╭─ DATA LISTING
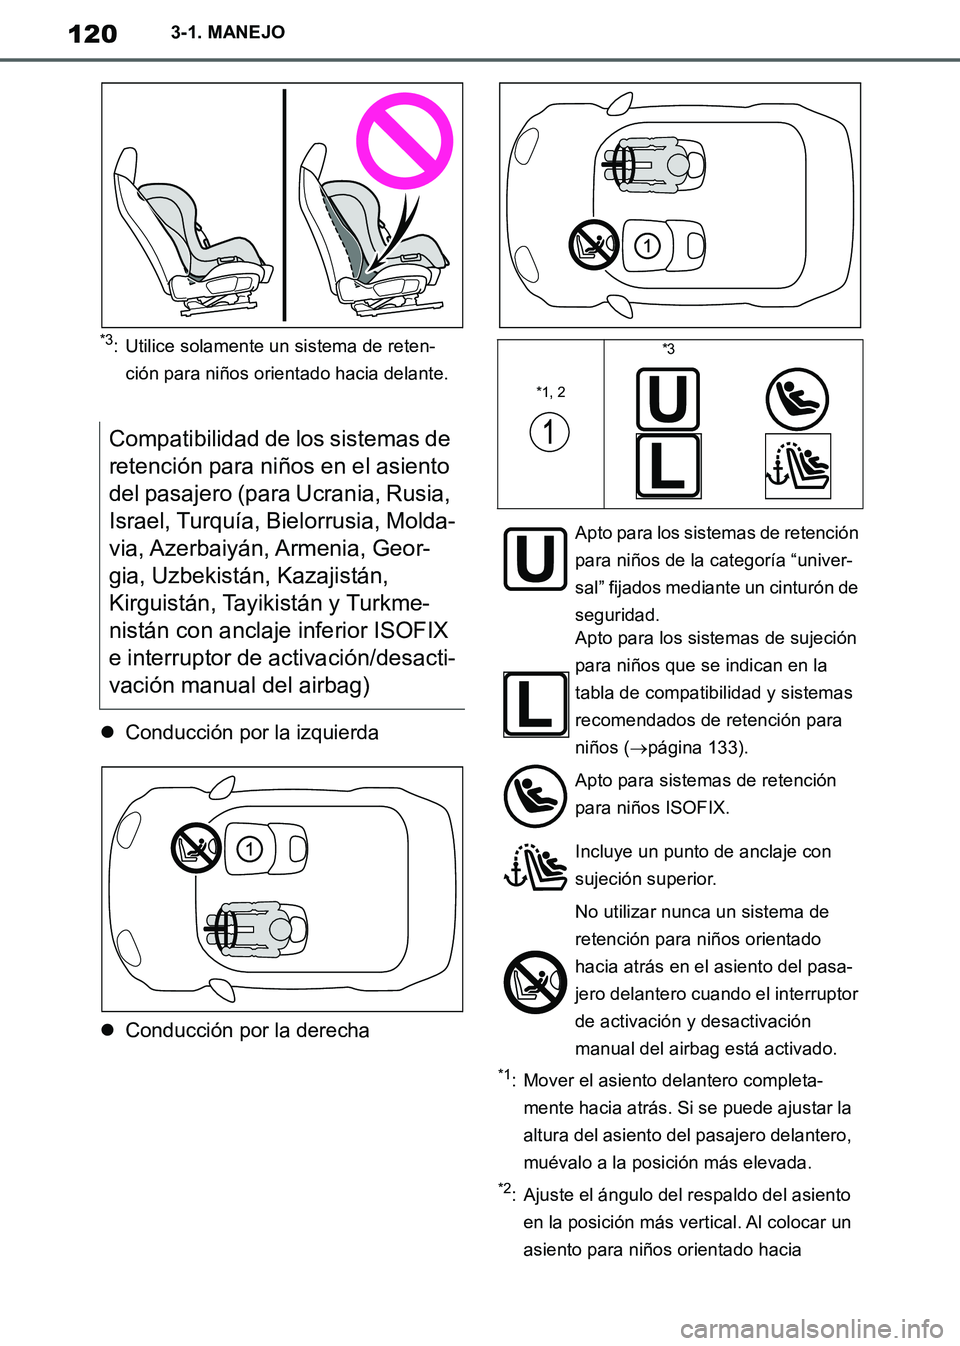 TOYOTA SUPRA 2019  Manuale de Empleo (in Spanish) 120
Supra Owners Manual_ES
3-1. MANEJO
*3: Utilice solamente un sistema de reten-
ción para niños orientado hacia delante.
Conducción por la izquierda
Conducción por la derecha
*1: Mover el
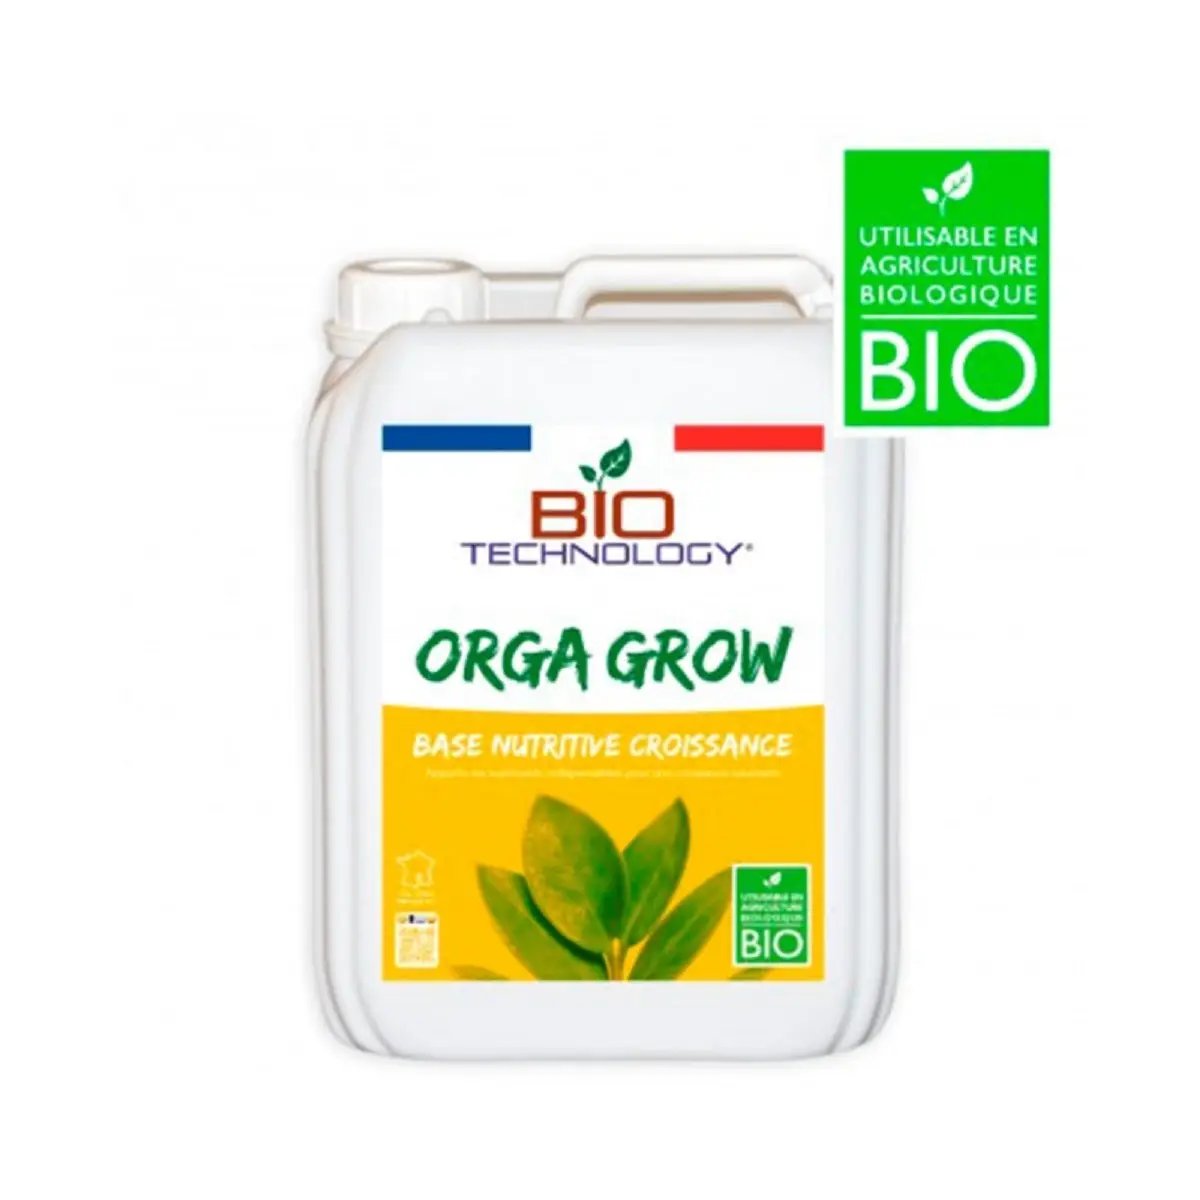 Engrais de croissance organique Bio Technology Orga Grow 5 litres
╰─
Look through the records for the string "Conducción". Copy every line that has it.

Conducción por la izquierda
Conducción por la derecha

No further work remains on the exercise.